3. de S" órganos, evolucionando hacia la diferenciación glomerular, y en más centrado en glomérulos
maduros.Tinciones con anticuerpos persistentes muestra bajos nivelesWT1 de proteína en los podocitos
maduros de los glomérulos,WT1 pero los niveles de ARN son aparentemente por debajo del nivel dela
detección por hibridación in situ.Notablemente, el análisisde expresión amphiregulin era prácticamente super-
imposible en la de WT1.Ambas técnicas de inmunohistoquímica (Figura4B) y el ARN de hibridación in situ
(Figura 4D) demostrado altos niveles de expresión condensada en células blastelasde la LMA, en forma de
cuerpos S, y de los podocitos de diferenciación de glomérulos esté en funcionamiento.Los bajos niveles de
ARNm se amphiregulinTambién señaló en la maduración de los glomérulos por el ARN en la hibridación in
situ. Así, la precisión temporal y espacial especificada de WT1 y la expresión de amphiregulin en los riñones
son compatibles con un desarrollo regulado diferenciación vía.

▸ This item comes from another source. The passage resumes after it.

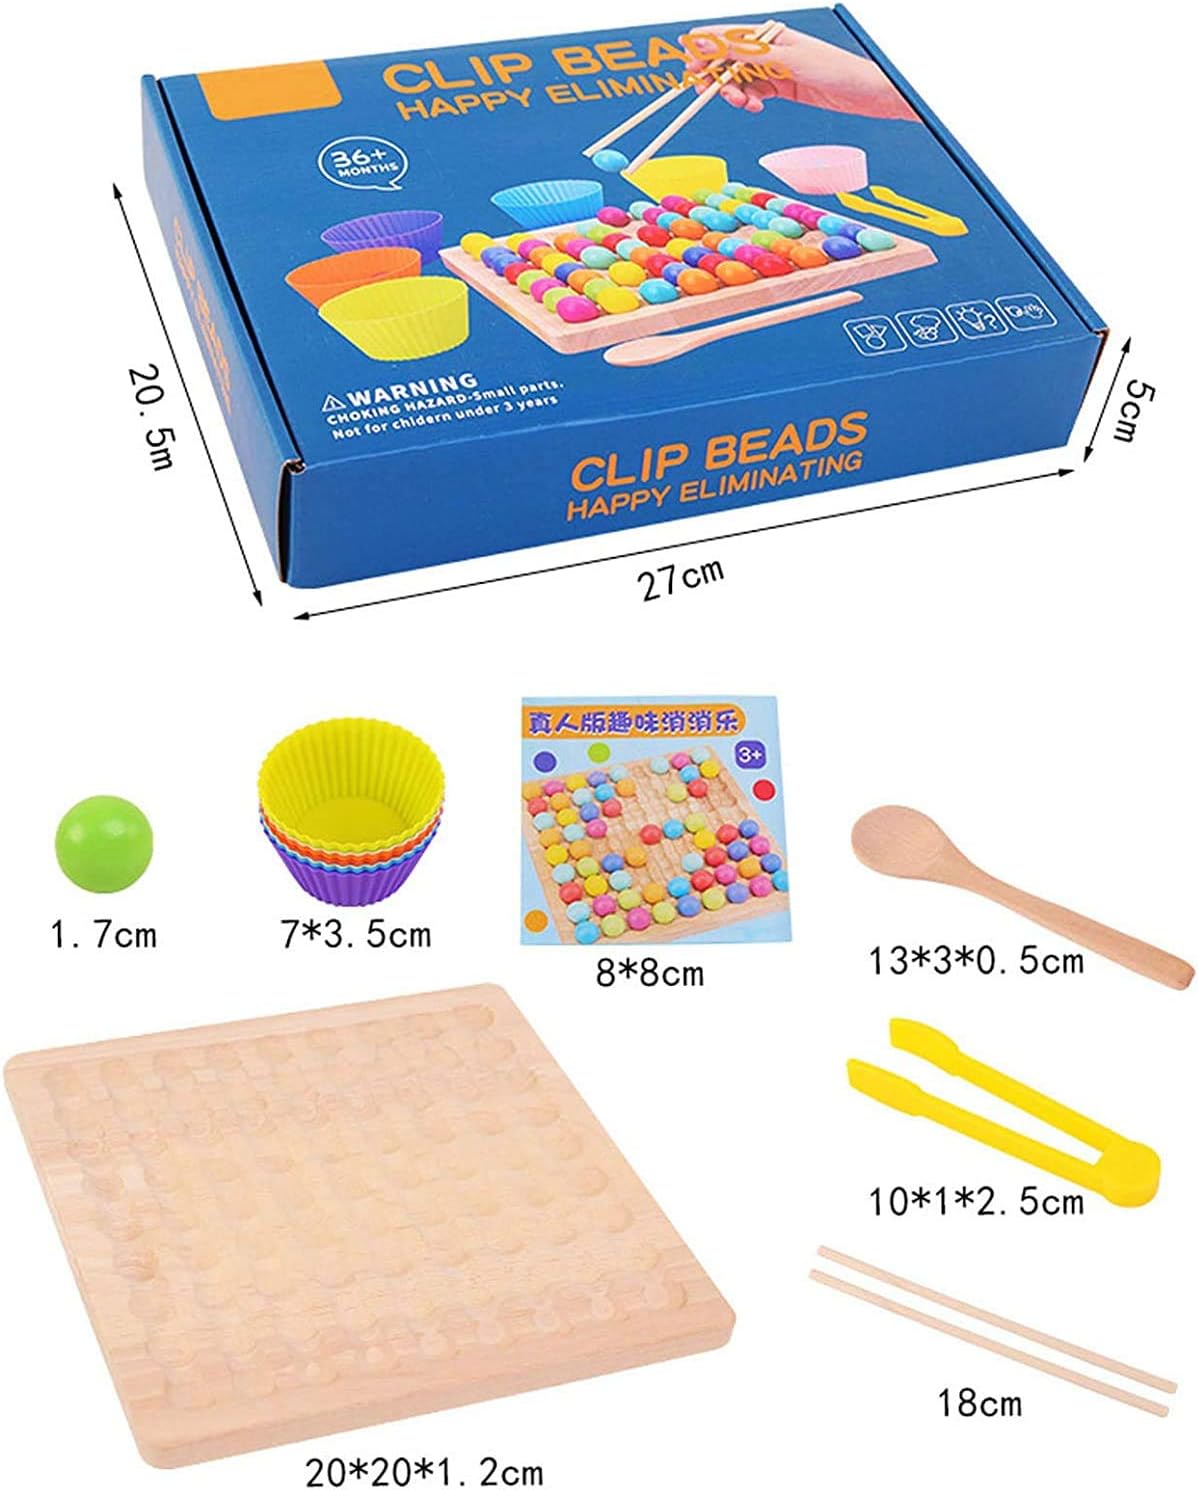 Wooden Board Bead Game Toy,Wooden Go Games Set Dots Shuttle Beads Board Games Rainbow Clip Beads Puzzle of Wooden Clip Beads Rainbow Toy Early Education Puzzle Board Game

La inducción de la yema ureteral ramificación en los riñones. Cultivos de órganos por Amphiregulin
La progresión de las estructuras de desarrollo que llevade la organogénesis renal es compleja, lo que refleja a
principios de las señales de la definición y reproductiva de las células epiteliales mesenquimales, así como los
estímulos posteriores que conducen a celularesdiferenciación y la proliferación (Davies, 1996).El ex-patrón de
presión de ambos WT1 y amphiregulin sugiereposibles contribuciones a ambos en las etapas del desarrollo.Sin
embargo, el fracaso del desarrollo en los riñonesWT1 ratones nulos refleja la primera etapa de diferenciación
renal, donde los niveles bajos de expresión en WT1. Las célulasblásticas parecen ser esenciales para la
inducción recíproca de señales entre yema ureteral e indiferenciado y para la supervivencia del mismo
blastema mesenquimatoso.Para examinar el potencial contribución de Amphiregulin, hemos utilizadoun corto
plazo de órganos in vitro en cultivos de ensayo que se hautilizado para modelar las primeras etapas de
diferenciación renal.Indiferenciado meta-riñón rudimentos néfricos fueron aislados desde el primer día
11,5embriones de ratón, una etapa de desarrollo que permitea disección del mesénquima que rodea una sola
Ureramateric brote.Estas se sembraron en nitrocelulosafiltros y se les permite diferenciar in vitro en
presenciao ausencia de Amphiregulinrecombinante.Como era de esperarrudimentos del riñón desarrollado una
red de ramificaciones tubules asociados con la condensación de células del mesénquima.La adición de
Amphiregulin purificado al órgano ademostrado un aumento de la dosis-dependiente en ureterayema de
ramificación de casi 2 veces en comparación con los controles (Figura 5). La magnitud y la dosis de la
integridad de este efecto en este, altamente reproduciblesen el ensayo de cal es muy significativa y
comparable a la adición exógena al observar las células glialesfactor (GDNF), de crecimiento
derivadoneurotróficoconocido por ser un mediador primario de la invasión yema ureteraly la ramificación.
CONCLUSIONES:
Un fragmento genómico que contenía el promotor amphiregulin conocidos se activó 20 - a 25 veces
porWT1 (KTS), pero no la WT1 (KTS)
La progresión de las estructuras de desarrollo que lleva de la organogénesis renal es compleja, lo que
refleja a principios de las señales de la definición y reproductiva de las células epiteliales mesenquimales,
así como los estímulos posteriores que conducen a celulares diferenciación y la proliferación (Davies,
1996).El ex-patrón de presión de ambos WT1 y amphiregulin sugiere posibles contribuciones a ambos en
las etapas del desarrollo.
El papel fundamental de WT1 durante el desarrollo del riñón se refleja en su patrón altamente restringido
de expresión.
También se observó que el sitio CRE muestra un cierto nivel de WT1 (KTS).